• **Records for the exercise**
#####
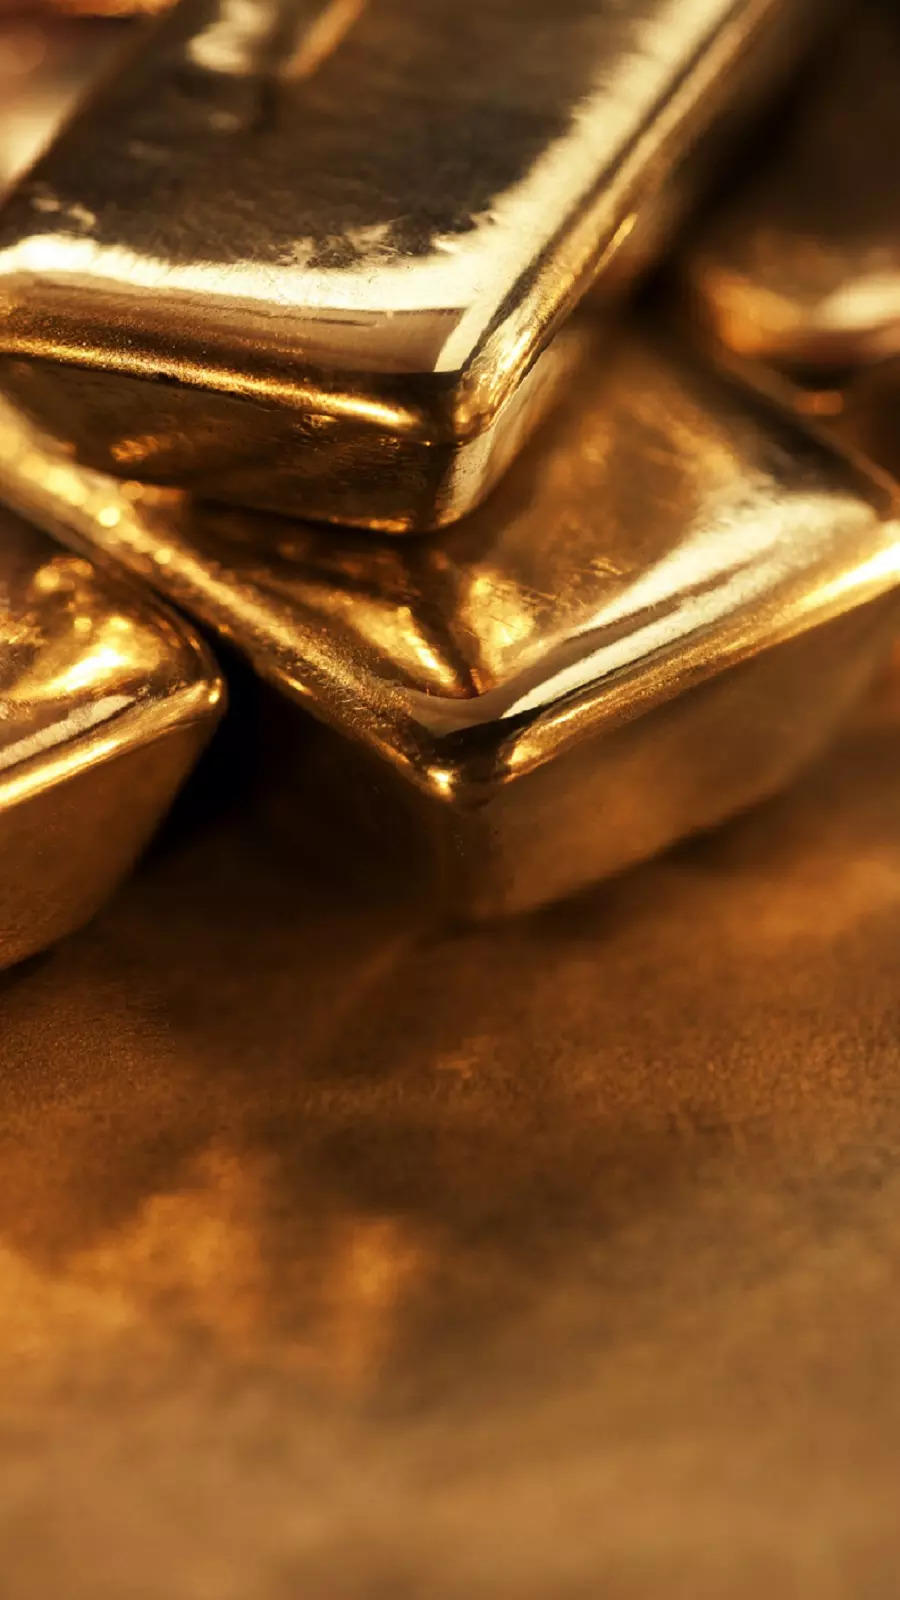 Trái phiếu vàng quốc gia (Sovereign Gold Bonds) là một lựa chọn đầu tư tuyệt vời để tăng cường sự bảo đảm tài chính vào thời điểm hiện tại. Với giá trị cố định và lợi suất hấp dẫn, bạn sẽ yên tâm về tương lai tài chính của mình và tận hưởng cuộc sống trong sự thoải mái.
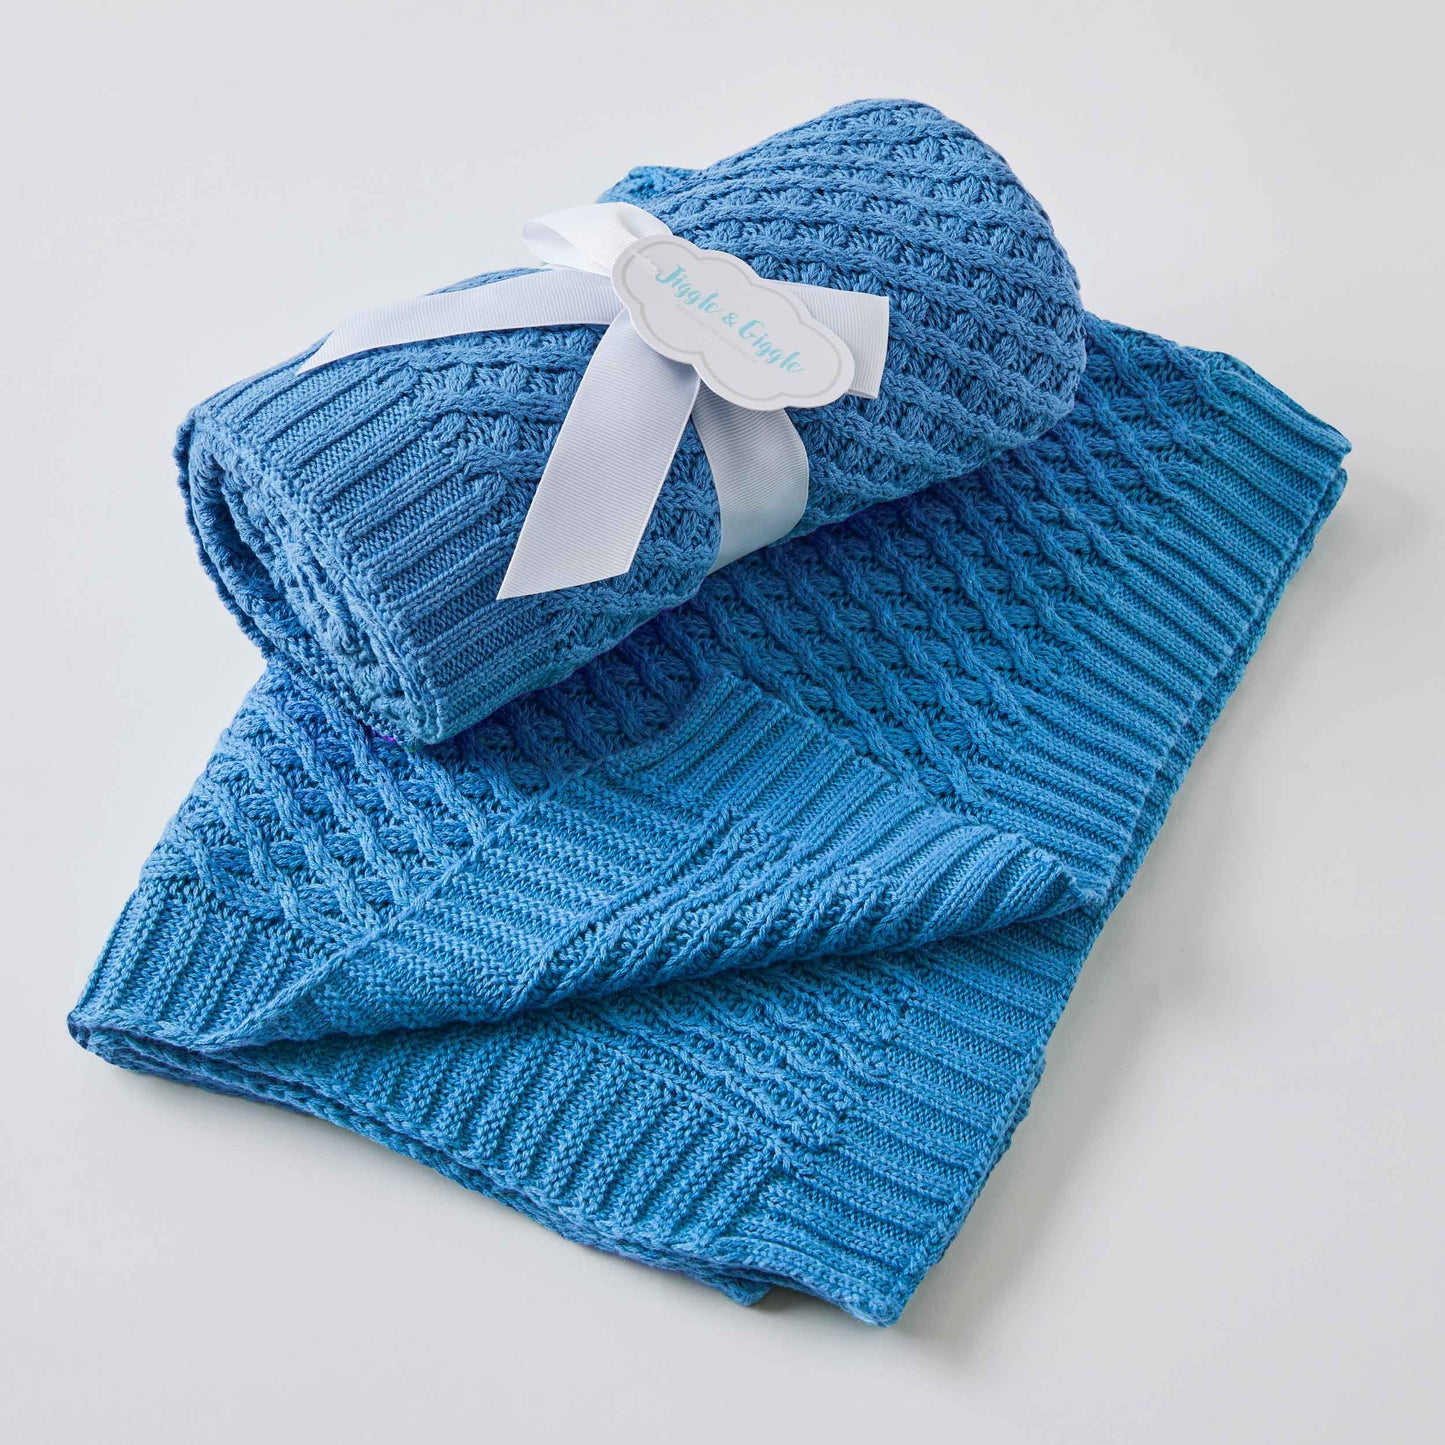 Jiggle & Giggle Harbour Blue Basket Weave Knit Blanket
#####
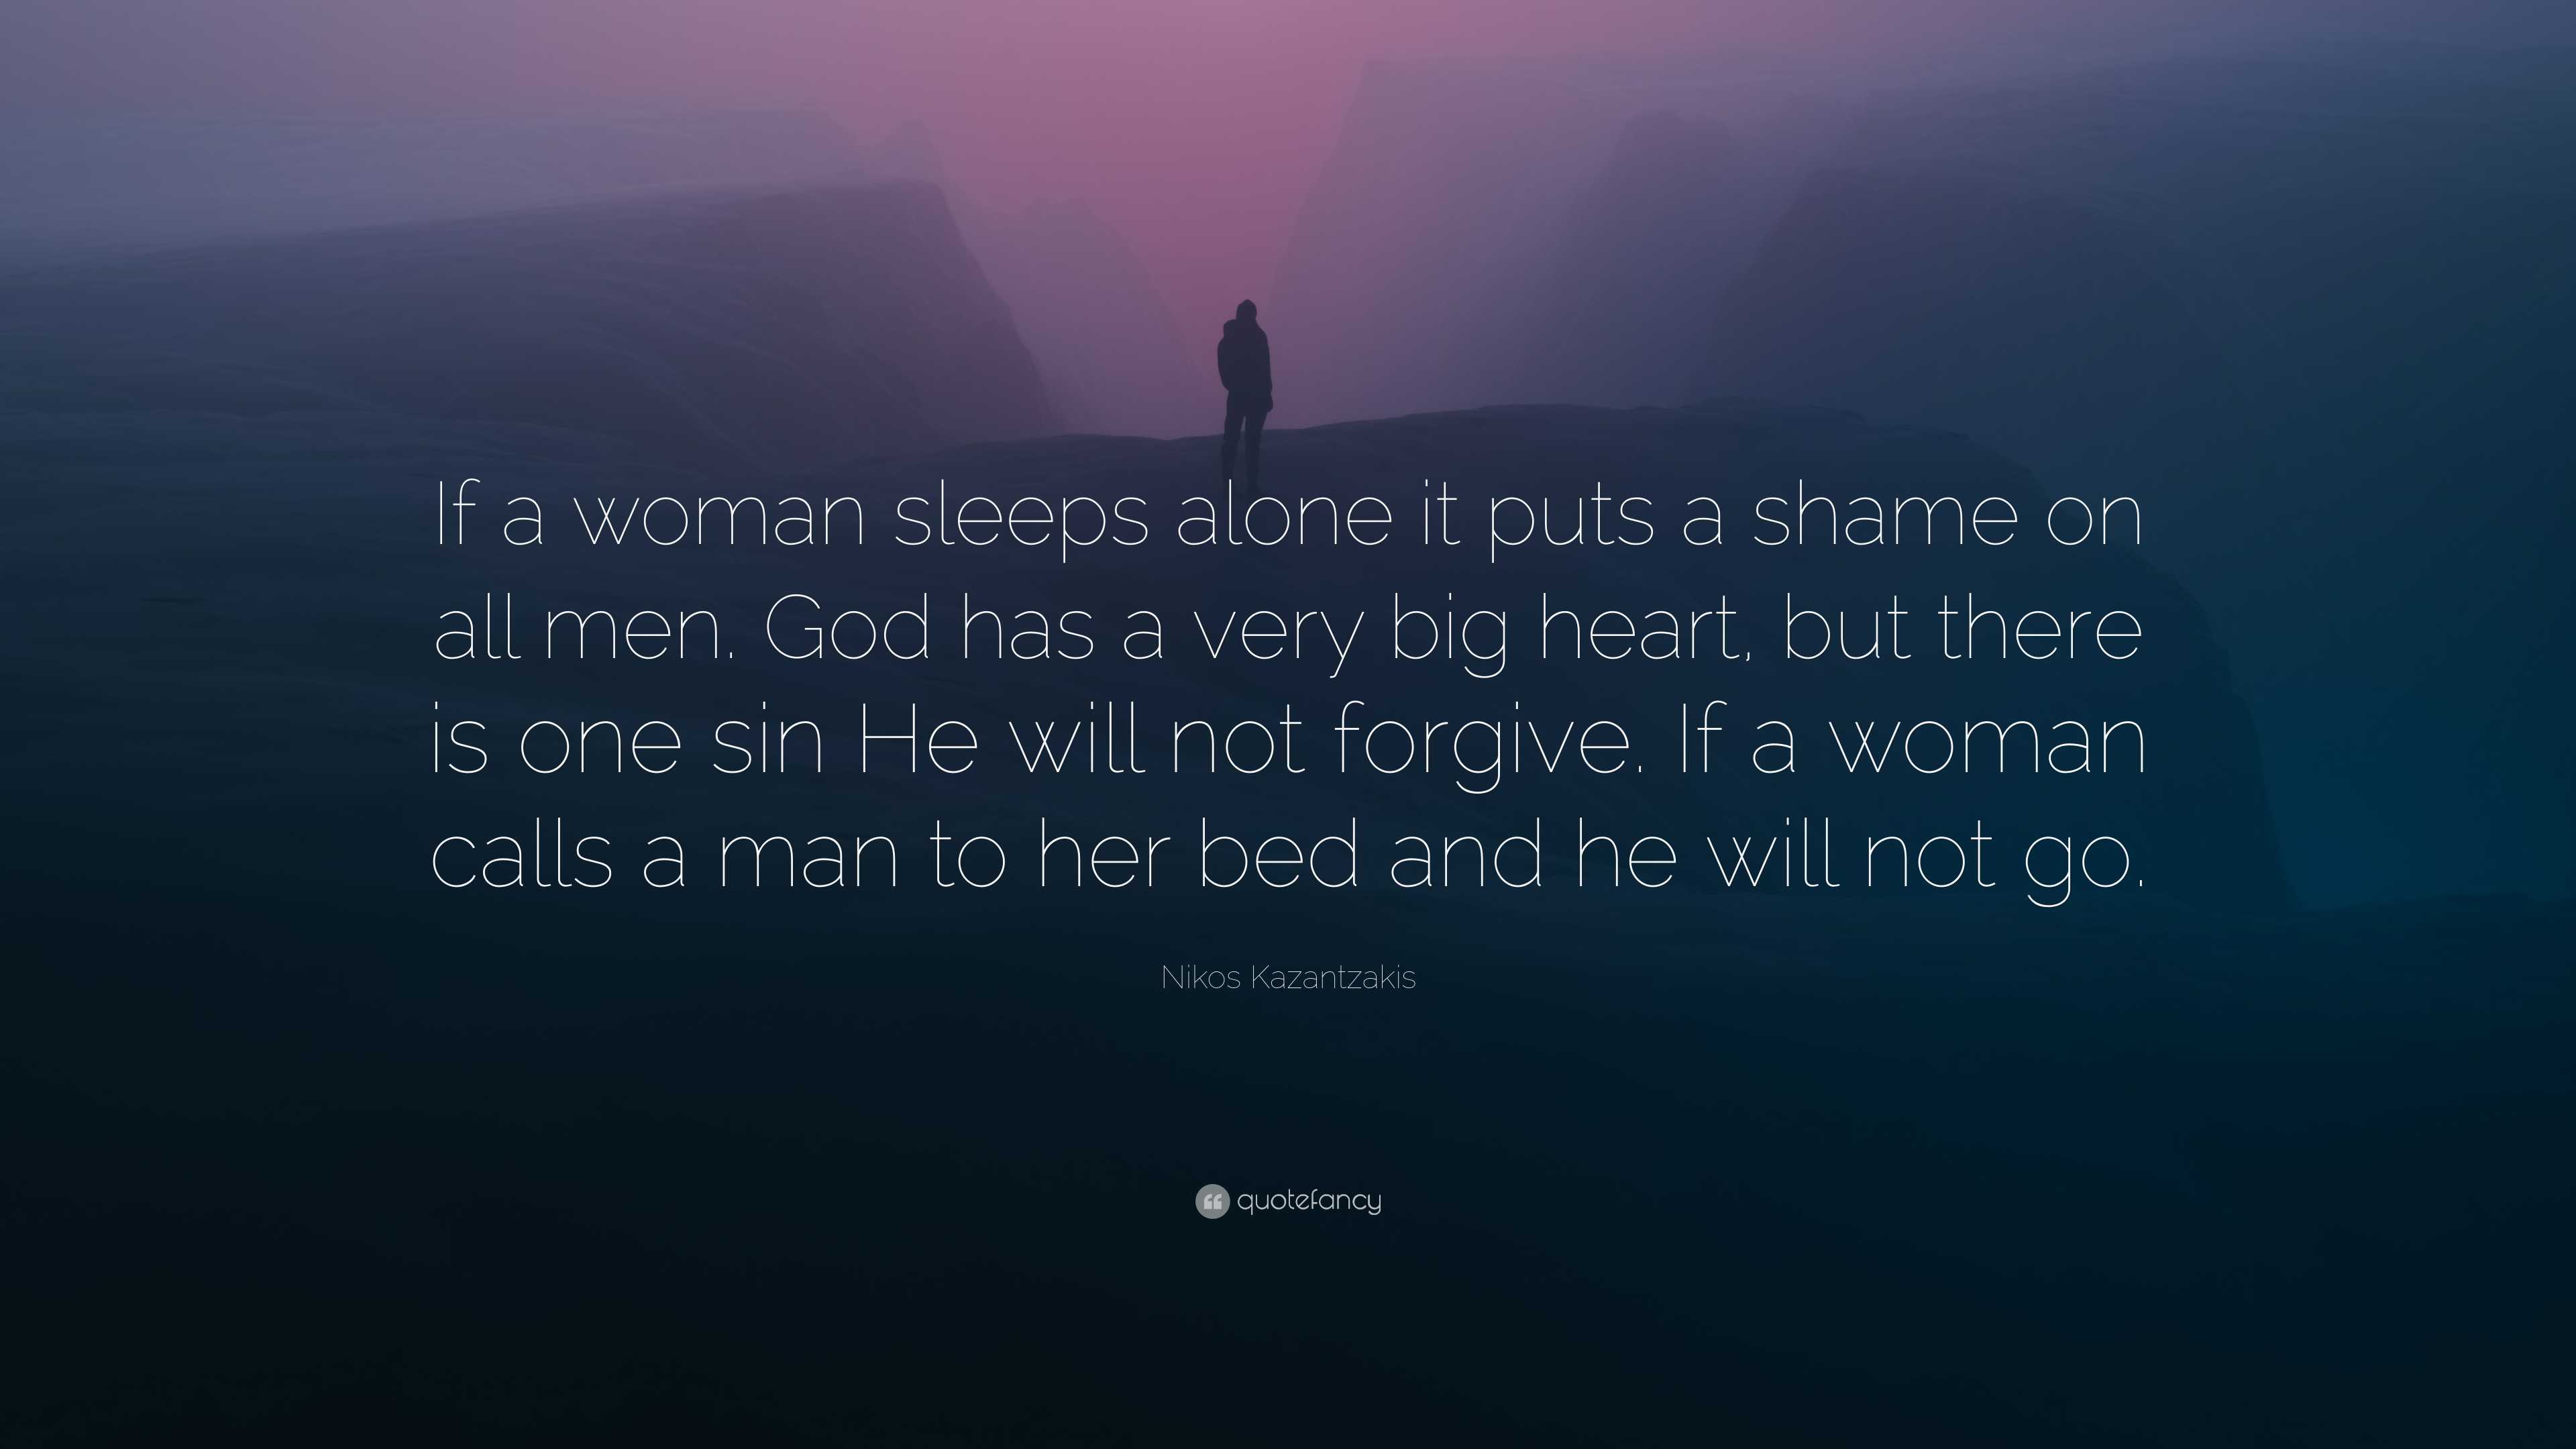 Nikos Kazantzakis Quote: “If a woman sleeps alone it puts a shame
#####
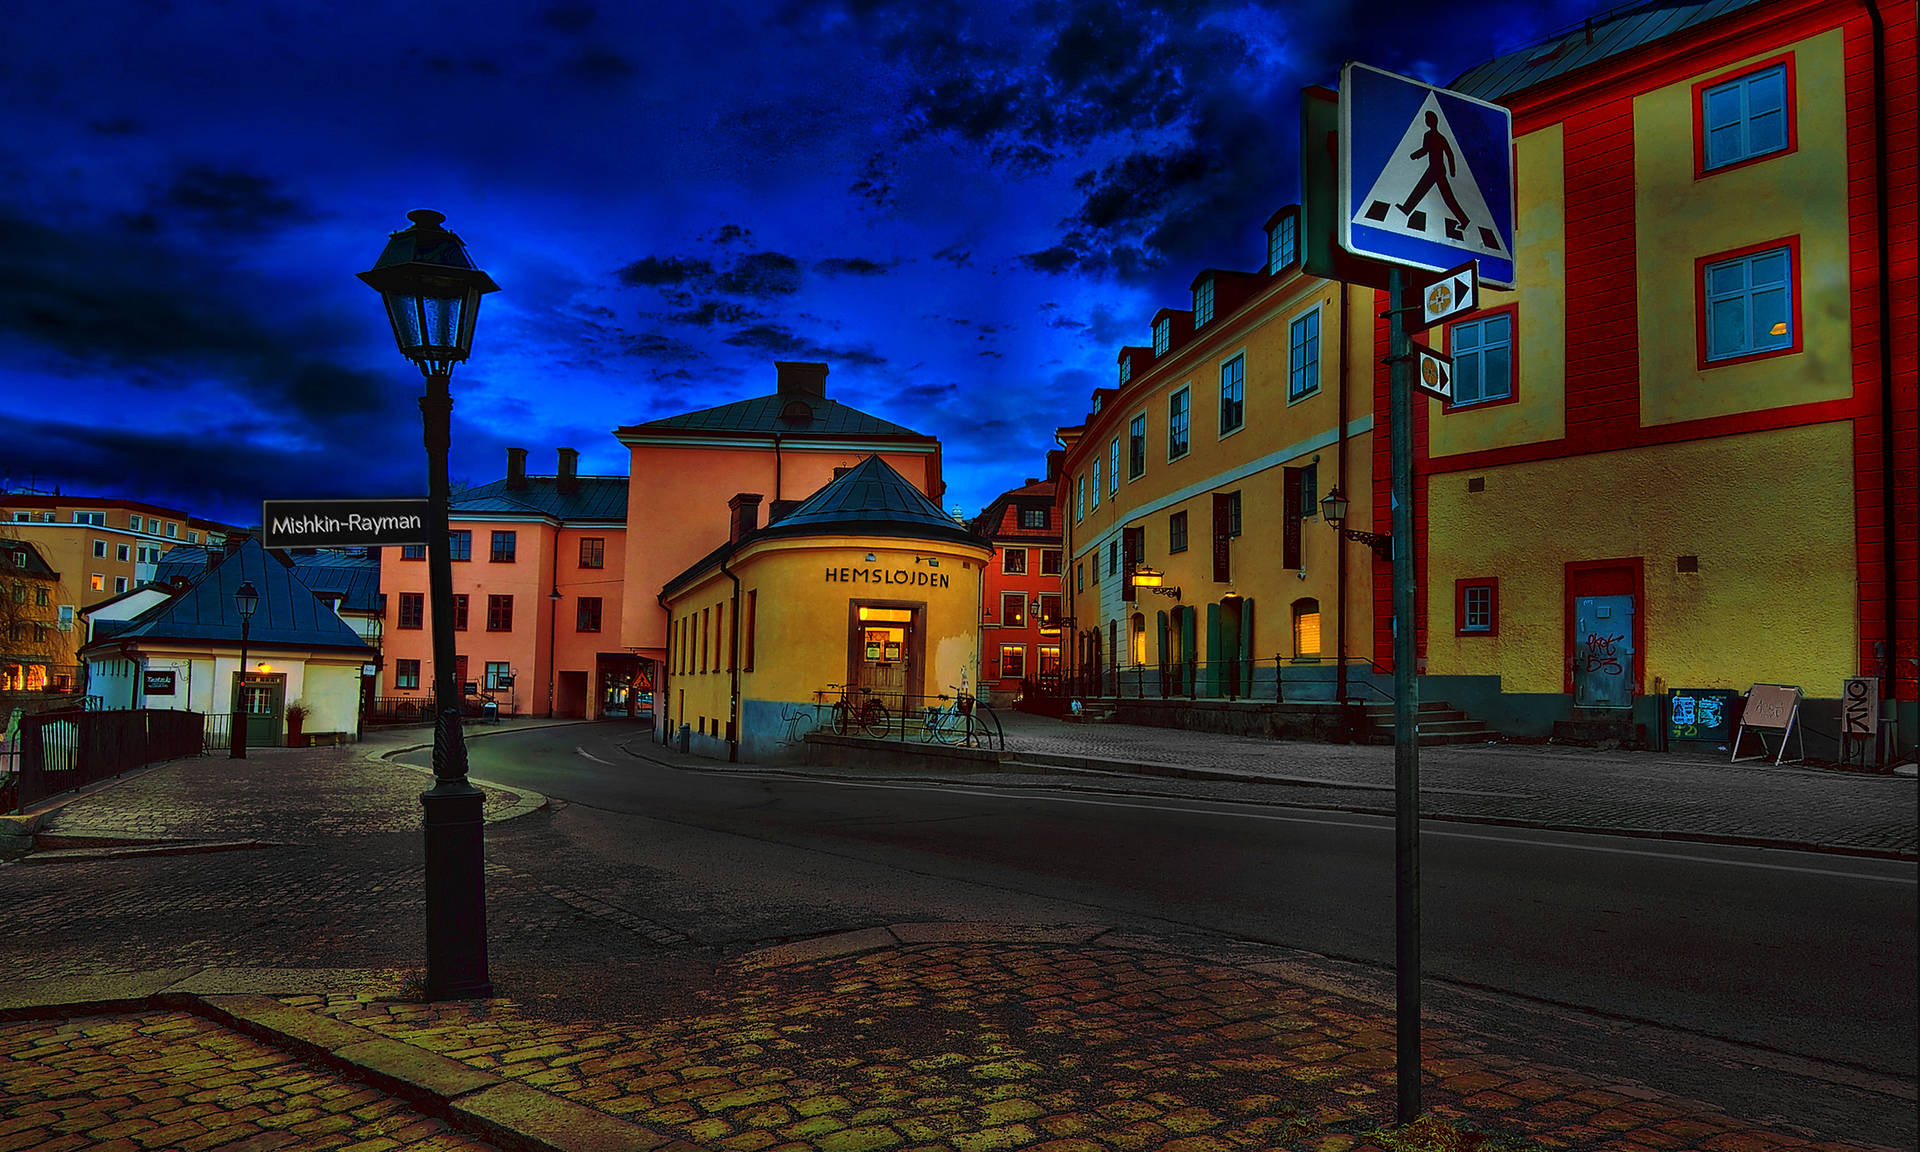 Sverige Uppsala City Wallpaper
#####
• **Problem requirements**
Take the lines above starting at the one containing "Trái phiếu vàng" and ending at the one containing "Jiggle & Giggle", and print them again exactly, without pictures.

• **Result of the task**
 Trái phiếu vàng quốc gia (Sovereign Gold Bonds) là một lựa chọn đầu tư tuyệt vời để tăng cường sự bảo đảm tài chính vào thời điểm hiện tại. Với giá trị cố định và lợi suất hấp dẫn, bạn sẽ yên tâm về tương lai tài chính của mình và tận hưởng cuộc sống trong sự thoải mái.
 Jiggle & Giggle Harbour Blue Basket Weave Knit Blanket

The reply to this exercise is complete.